The best way is to find a hospital w/an internship and get your hours in. You can then actually take an exam and get certified. BUT, my point from above is, look around-just because a hospital is highly ranked, doesn't necessarily mean they have a single clue when it comes to child life. YOu might be surprised where you can get your best education. We MISS Primary Children's Medical Center!!!
rbs105
wanttobeanavynurse
48 Posts
I know all about Primary Children's!!! There is a fantastic Child Life program there. Each unit has their own child life specialist and there are others on-call if needed. They help prepare patients for invasive procedures and can work with any child of any age - even if they are severely developmentally delayed. I often seek out our CLS when I have a kid going for surgery who has never had surgery before, or for in-room procedures such as PICC placements. Each week there is Bingo on TV and the kids get all sorts of prizes. There is a playroom that has tons of video games and is a fun place for kids to gather and be free. (bringing meds in there is a big no-no). There is even a teen night where the teens get together and make crafts, watch tv, etc - parents not allowed. lol. They are a great part of the interdisciplenary team and I don't know what a peds hospital would do without them!!!

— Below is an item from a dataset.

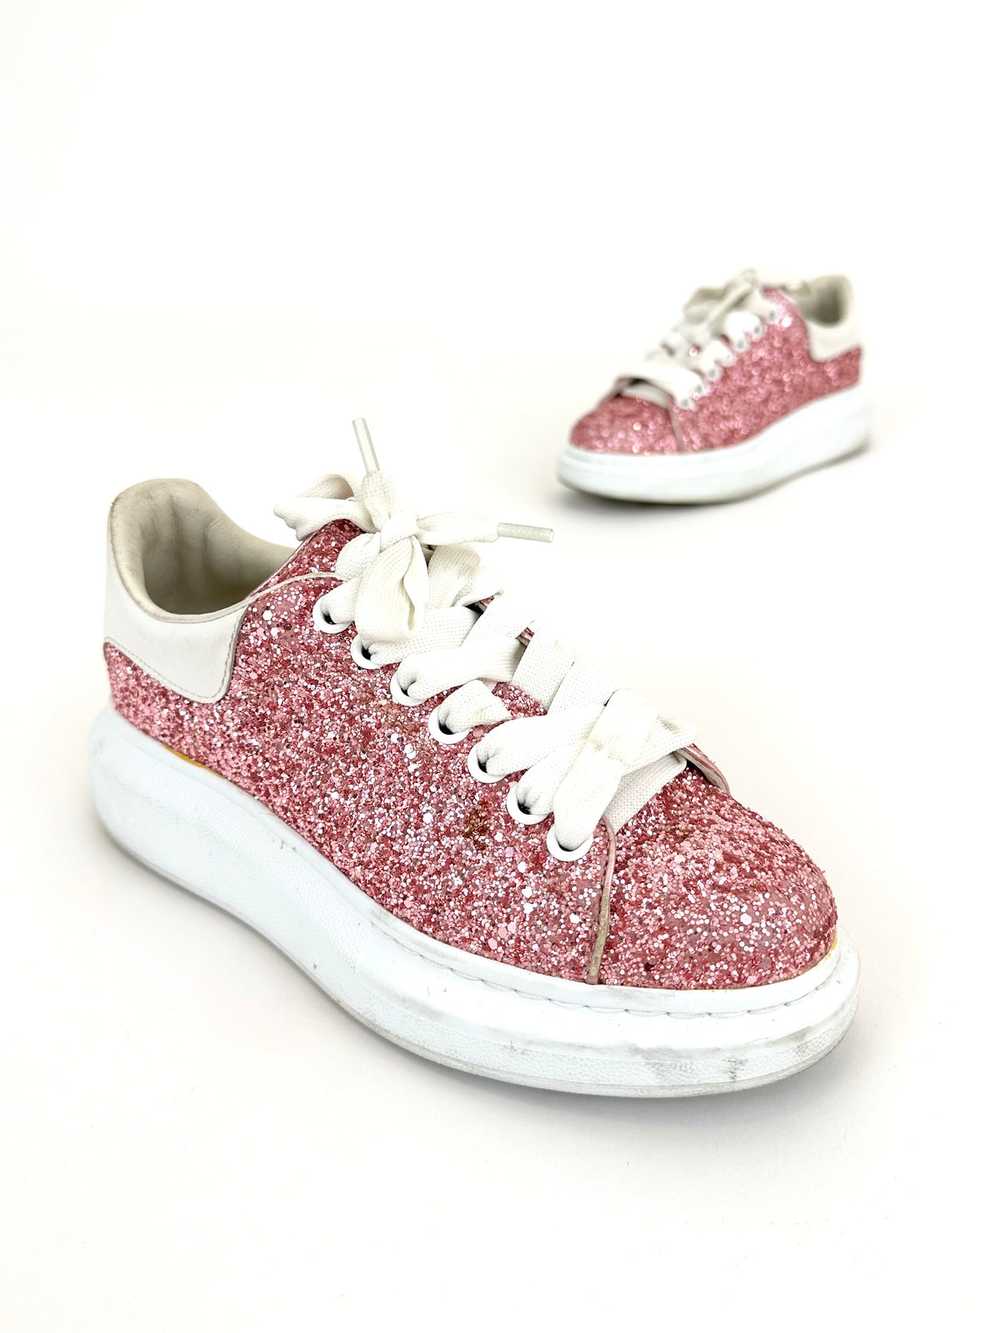 Alexander McQueen Glitter Platform Sneakers - image 3

Amazing, aren't they?? We loved BINGO-even though my son didn't even know it was on, we still participated for him and every time he won a prize. He also received the most beautiful quilt on one of his ICU stays. We were in the ICU once with our good friends-our sons both had the same procedure done and our friend's little boy died. Not only did they care for our friends, they took care of us, made sure we were okay, that we were reassured. They know SO Much out there about treating the WHOLE child. I wish sometimes that out east here they would realize that although they have made great medical advances, they are so far behind in treating the whole child. Someday....

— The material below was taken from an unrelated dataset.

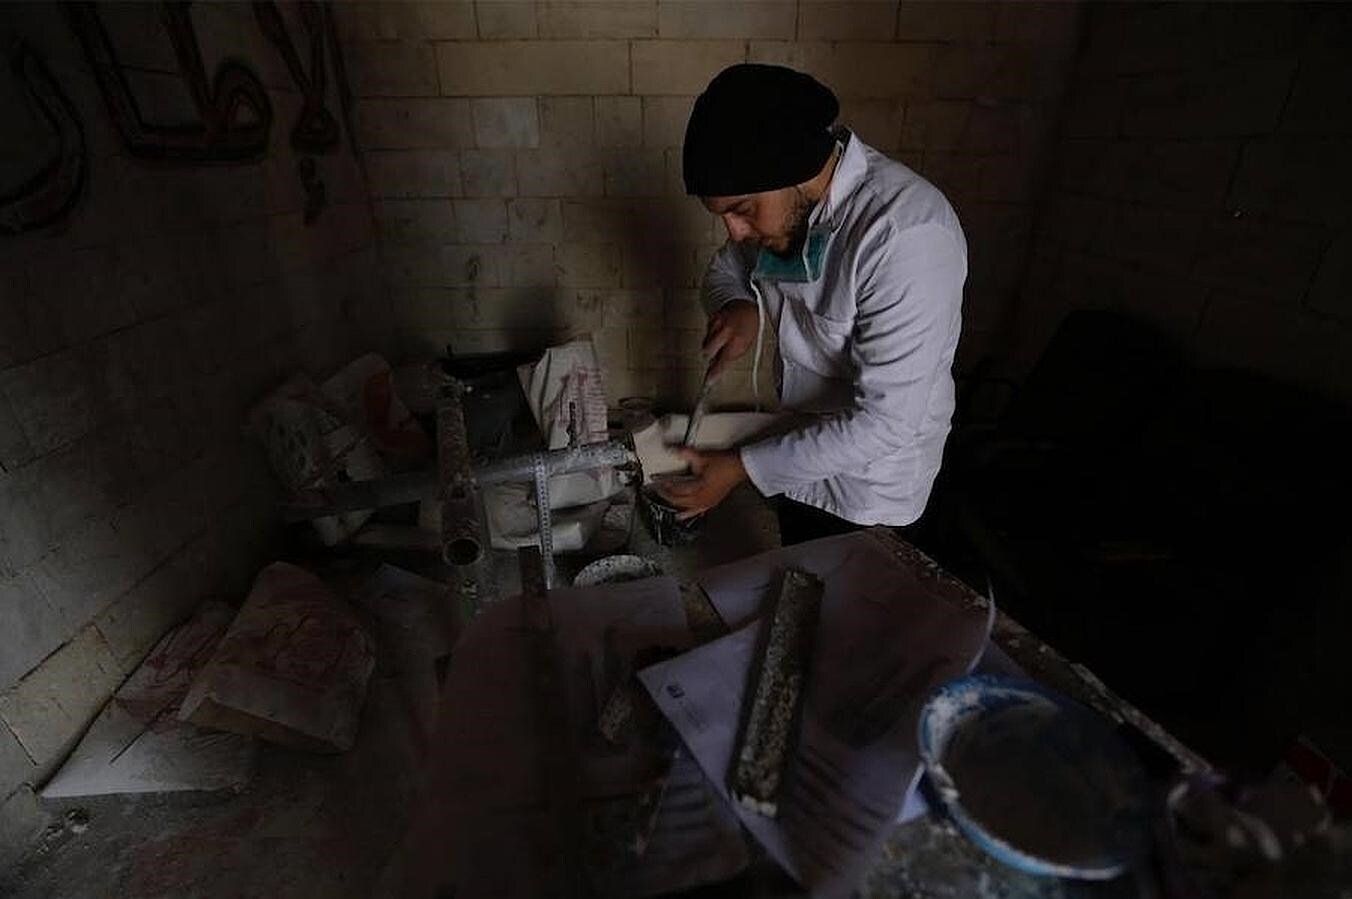 Khamis, de 24 años, termina una pierna artificial en su furgoneta-clínica

This sounds exactly like the hospital I am a patient Children's Hospital Boston. When I was 17 and having a surgery (had had many over my life but there was a new cls) and the cls made sure I was ok by making conversation to me and bringing stuff up. She is now the one I am closest with, and she has done marvelous things for me in helping me on my way to being a cls myself.
MikeyJ, RN
1,124 Posts
The unit I work on has one child life specialist assigned to it, and the PICU as one assigned to them. I see our specialists chatting with the staff rather than working with the children on a regular basis. When they do work with the children, they are good at what they do...however, I don't think they are progressive thinkers. You could do SO MUCH as a child life specialist -- in terms of developing and implementing programs and thinking of ways of making the children's hospital stay a bit more pleasant.